RDA Common Descriptive Attributes of Research Data Repositories

    You are here

31
Jan
2024

RDA Common Descriptive Attributes of Research Data Repositories

By Bridget Walker


 Data Repository Attributes WG

Group co-chairs: Matthew Cannon, Allyson Lister, Washington Luís Ribeiro de Segundo, Kathleen Shearer, Michael Witt, Kazu Yamaji

Recommendation Title: RDA Common Descriptive Attributes of Research Data Repositories

Authors: Michael Witt, Matthew Cannon, Allyson Lister, Washington Segundo, Kathleen Shearer, Kazu Yamaji and the Research Data Alliance Data Repository Attributes Working Group

Impact

A complete and current description of a research data repository is important to help a user find the repository; to learn the repository’s purpose, policies, functionality and other characteristics; and to evaluate the fitness for their use of the repository and the data that it stewards. Many repositories do not provide adequate descriptions in their websites, structured metadata and documentation, which can make this challenging. Even fewer make this information available in a machine-readable or actionable manner, which hampers interoperability. Descriptive attributes may be expressed and exposed in different ways, making it difficult to compare repositories and to integrate repositories with other infrastructures such as registries. They can be difficult to navigate and find: they may be locked behind authentication, obscured within workflows, or buried in myriad documentation and web pages.

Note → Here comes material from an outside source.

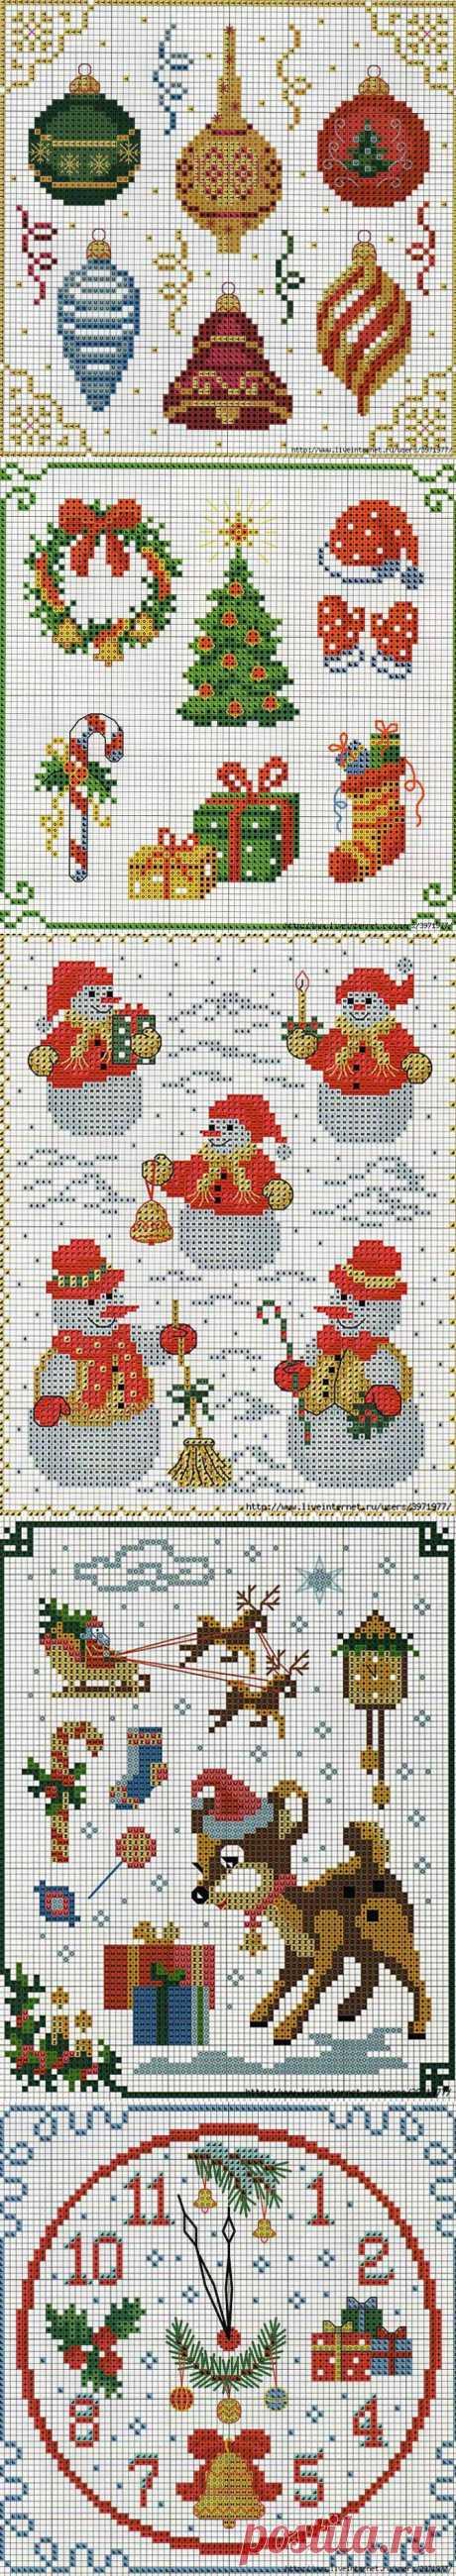 Волшебные палочки-вязание и вышивка - Статьи: Схемы вышивки новогодних игрушек

Well-described data repositories provide value and impact to a broad set of stakeholders such as researchers, repository managers, repository developers, publishers, funders, registries and others to discover and utilize data repositories. Some motivating use cases for the development of these attributes include:

  • As a researcher, I would like to be able to discover repositories where I can deposit my data based on attributes that are important to me.
  • As a repository manager, I would like to know what attributes are important for me to provide to users in order to advertise my repository, its services, and its data collections.
  • As a repository developer, I would like to understand how to express and serialize these attributes as structured metadata for reuse by users and user agents in a manner that can be integrated into the functionality of my repository software platform.
  • As a publisher, I would like to inform journal editors and authors of what repositories are appropriate to deposit their datasets that are associated with manuscripts that are being submitted.
  • As a funder, I would like to be able to recommend and monitor data repositories to be utilized in conjunction with public access plans and data management plans for the research that I am sponsoring.
  • As a registry, I would like to be able to easily identify and index attributes of data repositories to help users find the best repository for their purpose.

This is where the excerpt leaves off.